Glioblastoma multiforme and medulloblastoma are highly heterogeneous and particularly aggressive brain tumors. Despite typically treatments (i.e surgery, chemotherapy and radiation therapy), both cancers usually recur. More recent molecular classifications of GBM and MB have highlighted the heterogeneity that exists within pathological subtypes pointing out the role of different developmental signaling pathways in cancer pathogenesis. Due to this heterogeneity, standard therapies provide poor positive outcomes. However, based on cancer similarities, all different types of tumors start from a relatively small fraction of tumor cells, that have the ability to proliferate and maintain tumor growth.

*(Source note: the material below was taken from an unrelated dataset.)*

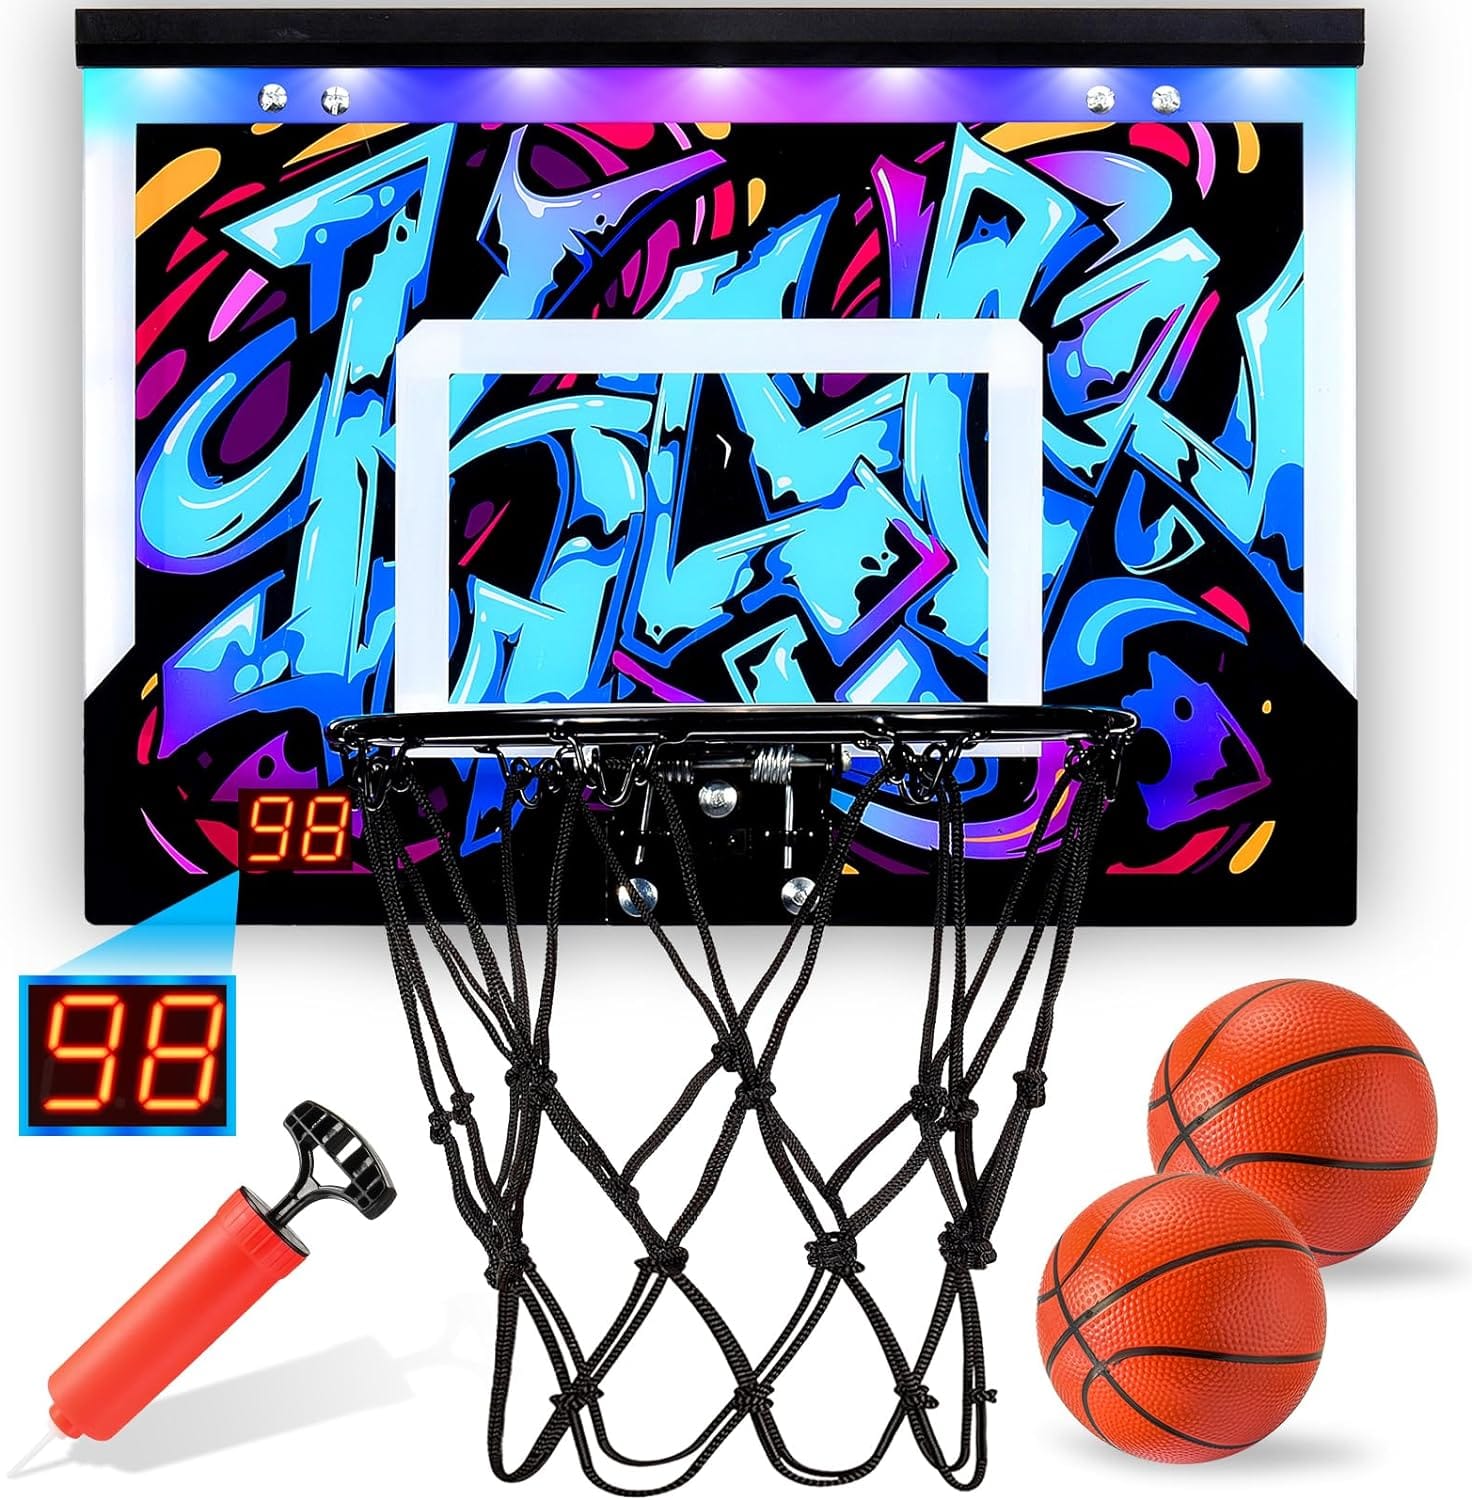 DASTION-99 Mini Basketball Hoop Indoor Review

All other cells of the bulk tumor are characterized by limited proliferative capacity and a more specified lineage potential. CSC populations are also termed tumor-initiating cells, because maintains two key properties: self-renewal and differentiation. Self-renewal is defined as the ability of a parental cell to generate an identical daughter cell and a second cell of the same or different phenotype, whereas through the process of differentiation a CSC is able to give rise to the heterogeneous cell lineages that constitute the original tumor. After this initial phase of tumor growth the CSCs become quiescent. The quiescence state is the survival strategy of cancer cells responsible for the later recurrence and relapses. Therefore, new and alternative treatment approaches are necessary to reduce not only long-term toxicity of radiotherapy or chemotherapeutic agents, but also to find a newer targeted therapeutic strategy for example targeting specifically CSCs. The goal of SUMCASTEC is to isolate selectively target quiescent malignant CSCs and subsequently induce a differentiation process to sensitize them to radio- chemotherapy treatments
SUMCASTEC explores radically new approach for cancer stem cells real time isolation and neutralization. A novel micro-optofluidic lab-on-chip (LOC) platform will be developed through a joint and iterative efforts by biologists, clinicians and engineers. For the first time, a single LOC will be able to deliver ultra-wide broadband radiation to compare cell spectral signatures, image subcellular features, and hence modulate CSCs microenvironment conditions with unprecedent space and time resolution. It will be driven to isolate CSCs from heterogeneous differentiated and stem cell populations, and force CSCs differentiation, ultimately inducing sensitivity to anticancer treatments. Extensive in vitro and in vivo testing along with biophysical modelling will validate the approach and establish the proof -of-principle within the project life-time, while laying the ground work for further development of future electrosurgical tools that will be capable CSCs neutralization in tissue.
The targeted scientific breakthrough in SUMCASTEC is the world’s first micro-optofluidic lab-on-chip platform enabling successively Cancer Stem Cells isolation via electromagnetic sensing and cell spectral signature identification, nanoscale imaging of targeted cells and their selective neutralization via electromagnetic radiations.